DATASET EXTRACT:
_ _ _

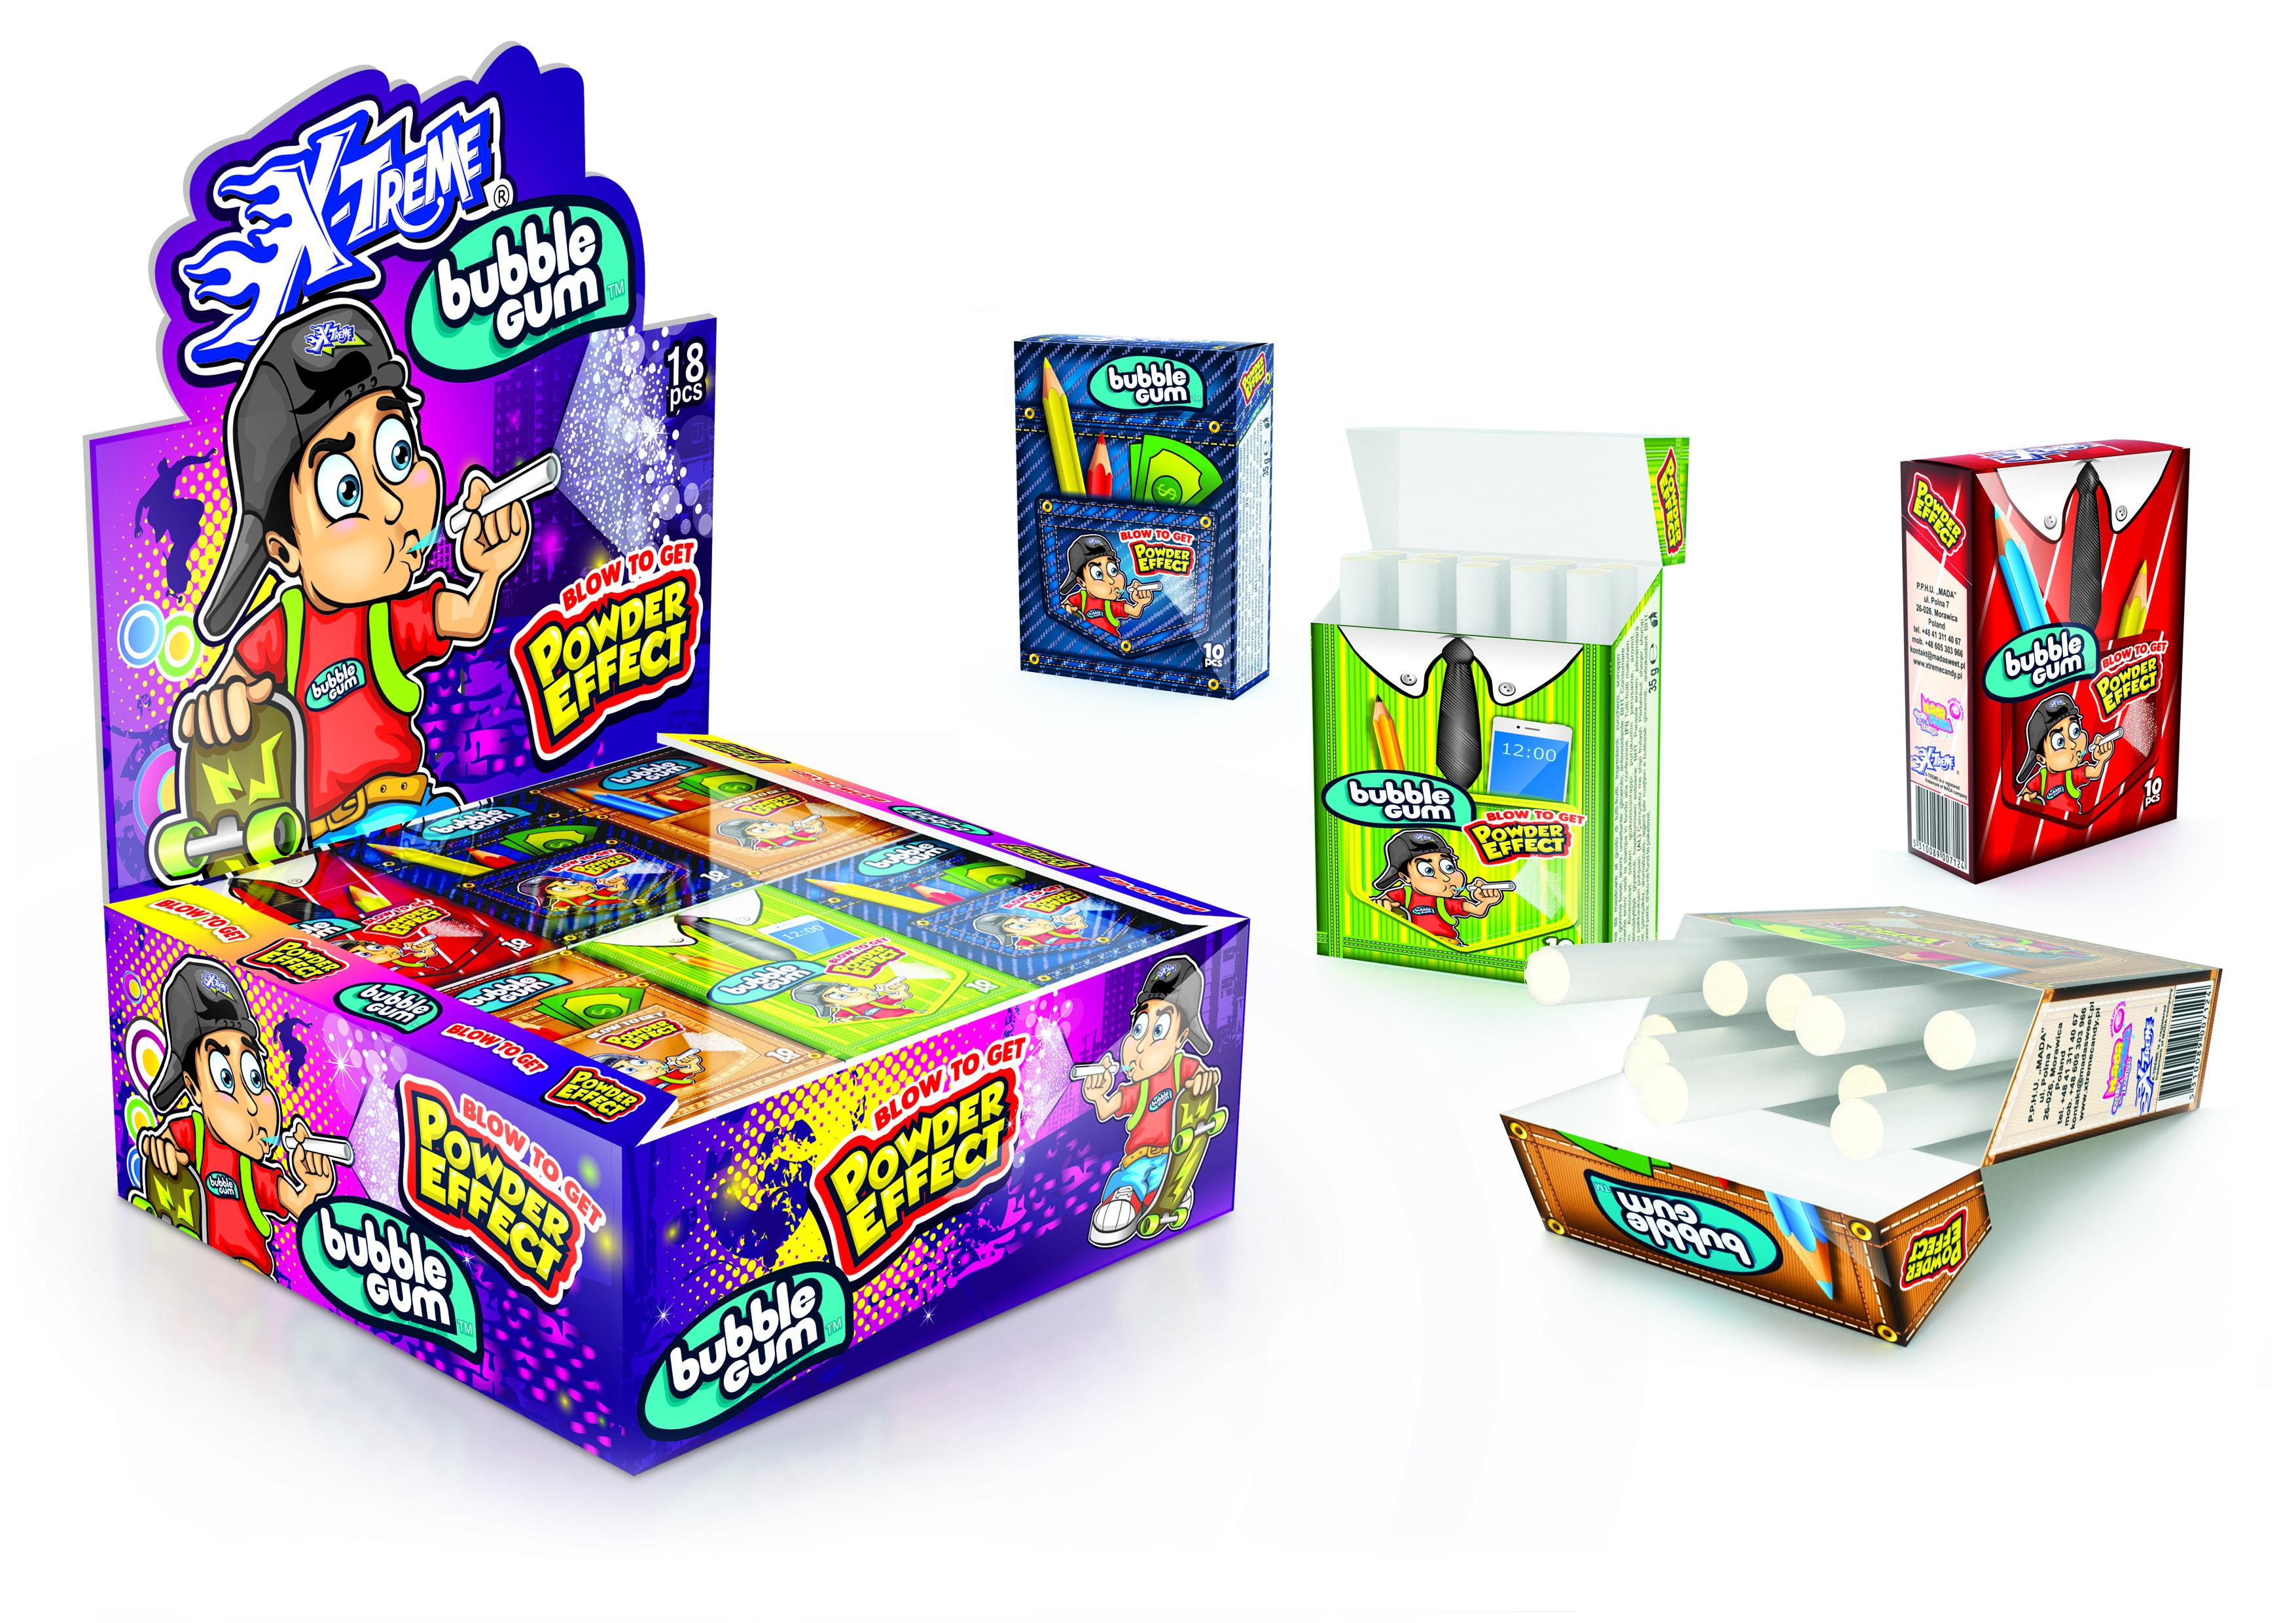 X-TREME BUBBLE GUM+POWDER EFFECT (chewing-gums cigarette)
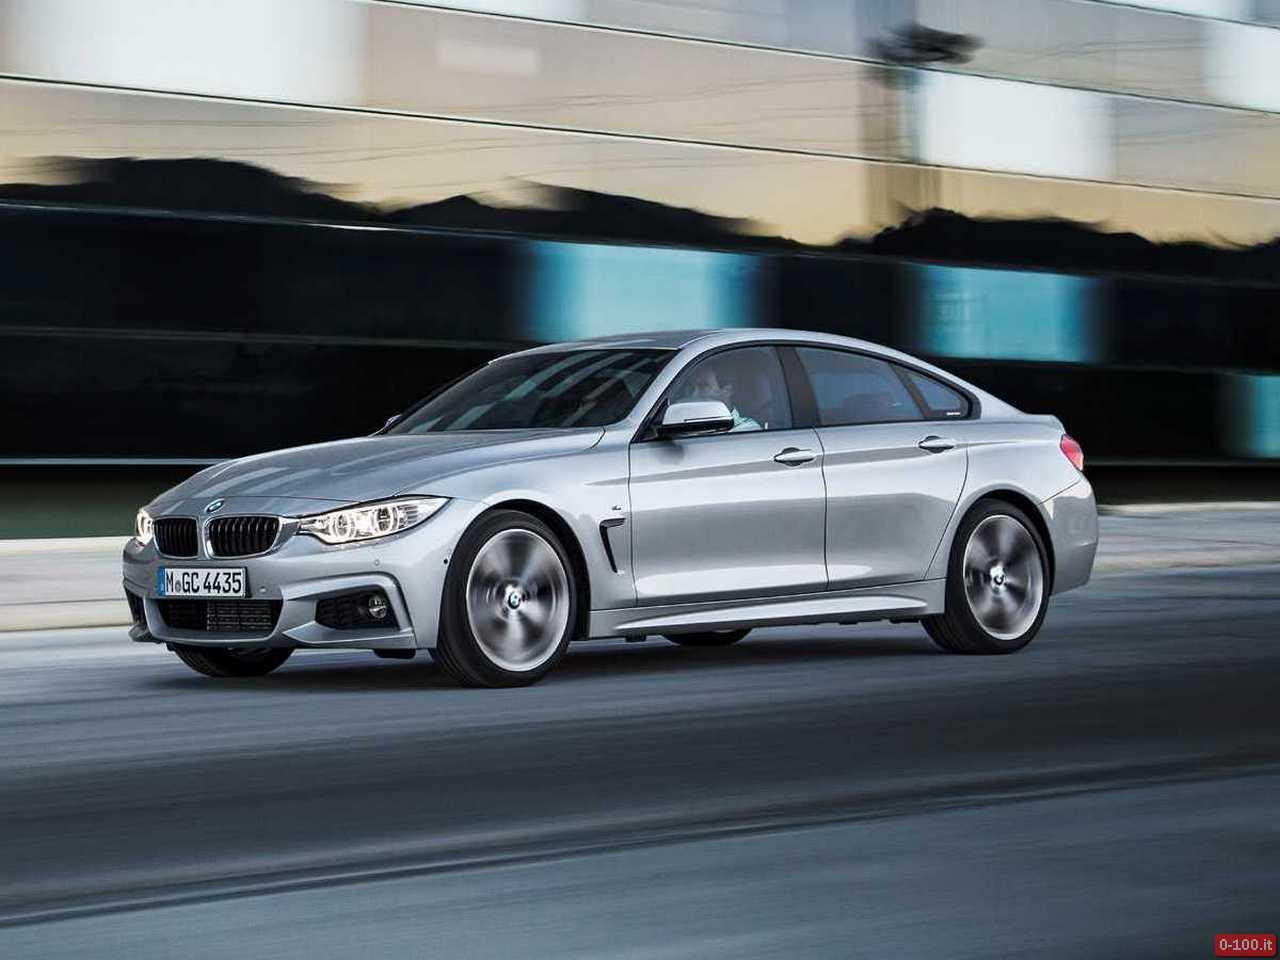 bmw-serie-4-gran-coupe-prezzo-price-ginevra-geneve-2014-0-100_62
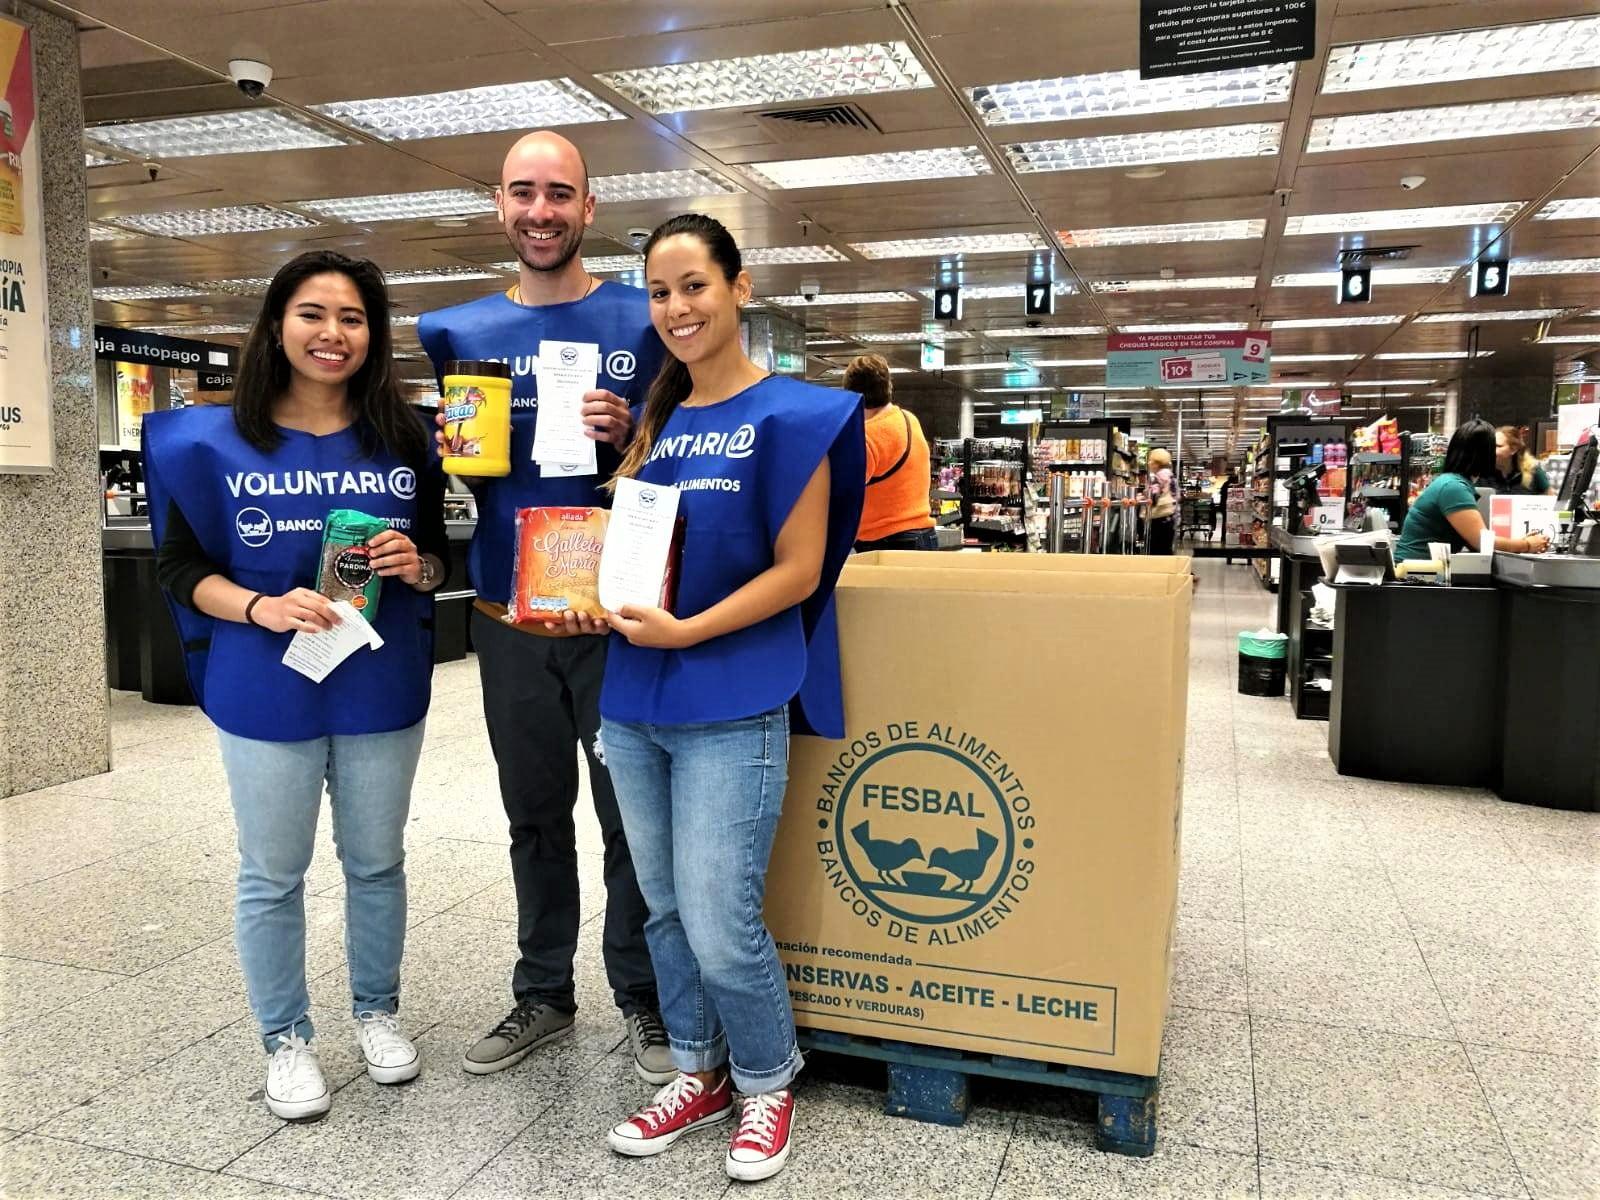 Voluntariado - La Gran Recogida del Banco de Alimentos

_ _ _

PROBLEM TO WORK ON: All of the material must be given again exactly, though no picture may appear in the copy.

WRITTEN ANSWER:
 X-TREME BUBBLE GUM+POWDER EFFECT (chewing-gums cigarette)
 bmw-serie-4-gran-coupe-prezzo-price-ginevra-geneve-2014-0-100_62
 Voluntariado - La Gran Recogida del Banco de Alimentos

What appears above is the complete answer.